Bipartisan legislative efforts, such as the HELP Copays Act, are aiming to address this gap by requiring financial assistance to count towards deductibles and out-of-pocket costs for federally regulated plans, including many employer-sponsored health benefits. However, this bill has yet to gain significant traction in Congress.

The Consumer’s Predicament: Trapped in the Middle
For consumers like Larry Gruber, the current regulatory environment leaves them vulnerable. Gruber’s confusion was compounded when his Oscar Health patient portal initially appeared to be counting his coupon card towards his out-of-pocket maximum. He even believed he had met his maximum by February and that Oscar was covering his medication costs in March. However, when he attempted to refill his prescription in April, the pharmacy informed him that Oscar would only cover a fraction of the cost, leaving him responsible for the remaining $6,700. This was followed by a letter from Oscar Health stating that an "incorrect amount" had been applied to his deductible, a correction that effectively reversed the previous coverage.
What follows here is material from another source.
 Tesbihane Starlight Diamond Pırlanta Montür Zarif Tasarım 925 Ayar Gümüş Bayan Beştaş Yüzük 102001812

"They sent me a letter that basically stated they made a mistake," Gruber recounted, expressing his disbelief. "The fact that they’re allowed to sort of change things midstream is also, I think, a little galling." Faced with this sudden financial burden, Gruber resorted to rationing his injections, taking them every other week instead of weekly, and by May, he was forced to dip into his savings to afford his medication.
Broader Implications and Future Outlook
The widespread adoption of copay accumulator programs raises significant questions about the balance of power between insurers, pharmaceutical manufacturers, and patients. Insurers argue that drugmakers use copay assistance as a tactic to justify exorbitant drug prices and encourage the use of expensive brand-name drugs over potentially more affordable generics. Pharmaceutical companies, conversely, contend that this assistance is vital for patient access and that insurers are exploiting loopholes to increase their profits at the expense of patient well-being.
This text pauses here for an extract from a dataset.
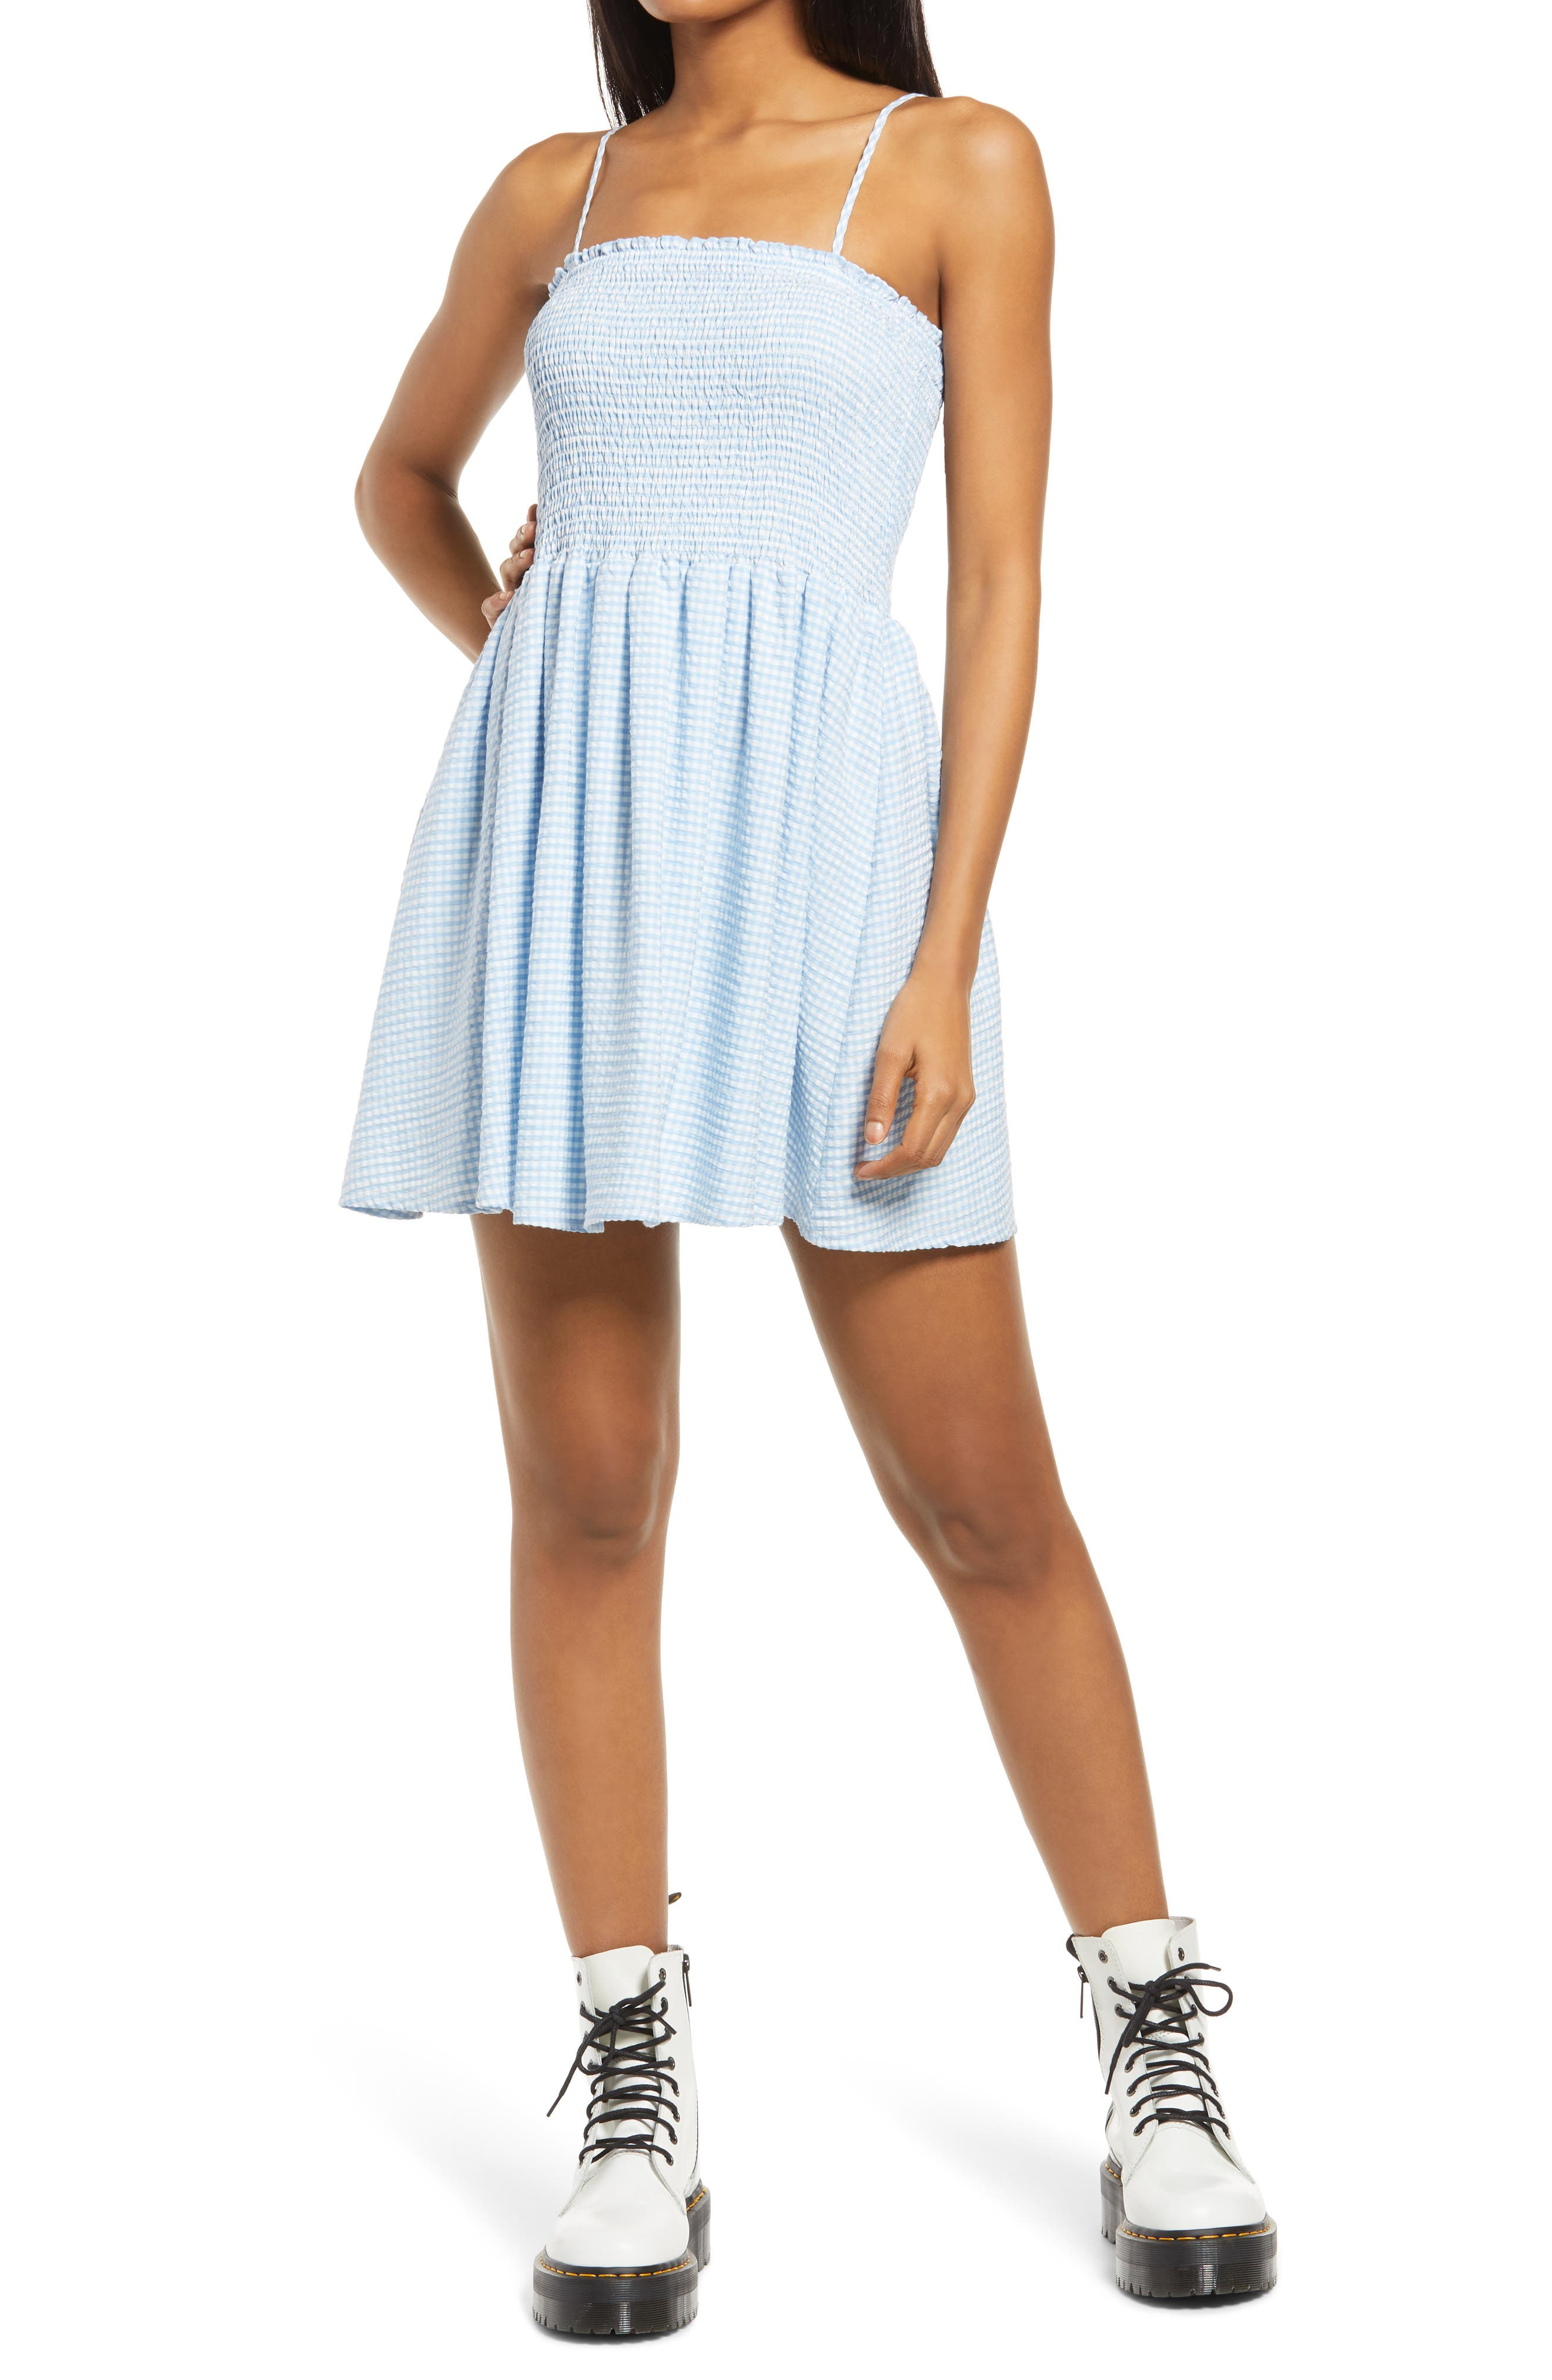 Treat Me Right Gingham Smocked Minidress

Patient advocates, such as Rachel Klein, deputy executive director for The AIDS Institute, argue that insurers possess ample tools to manage costs without resorting to copay accumulators. These tools include negotiating drug formularies, determining medical necessity, and requiring patients to try lower-cost alternatives first. "They are the ones making the decisions," Klein asserted. "Now the individual is left trying to figure out how they’re going to pay for it."
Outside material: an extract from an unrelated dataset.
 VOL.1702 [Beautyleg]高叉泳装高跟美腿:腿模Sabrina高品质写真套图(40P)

For patients like Larry Gruber, the lack of robust federal oversight and the complexities of insurance plans create a precarious situation. Experts advise consumers to meticulously research their health insurance options, carefully review plan documents, and proactively contact their insurance providers or state insurance regulators to inquire about the use of copay accumulator programs before enrollment.
Gruber’s experience serves as a potent reminder of the real-world consequences of these financial strategies. The extra expense has forced him to forgo a vacation this year and jeopardized his savings for a home. The constant worry about affording his essential medication is a daily burden, and he fears that a recurrence of this situation year after year could prove financially devastating. The struggle of individuals like Larry Gruber underscores the urgent need for greater transparency and more comprehensive regulatory action to ensure that financial assistance intended to help patients ultimately reaches those who need it most.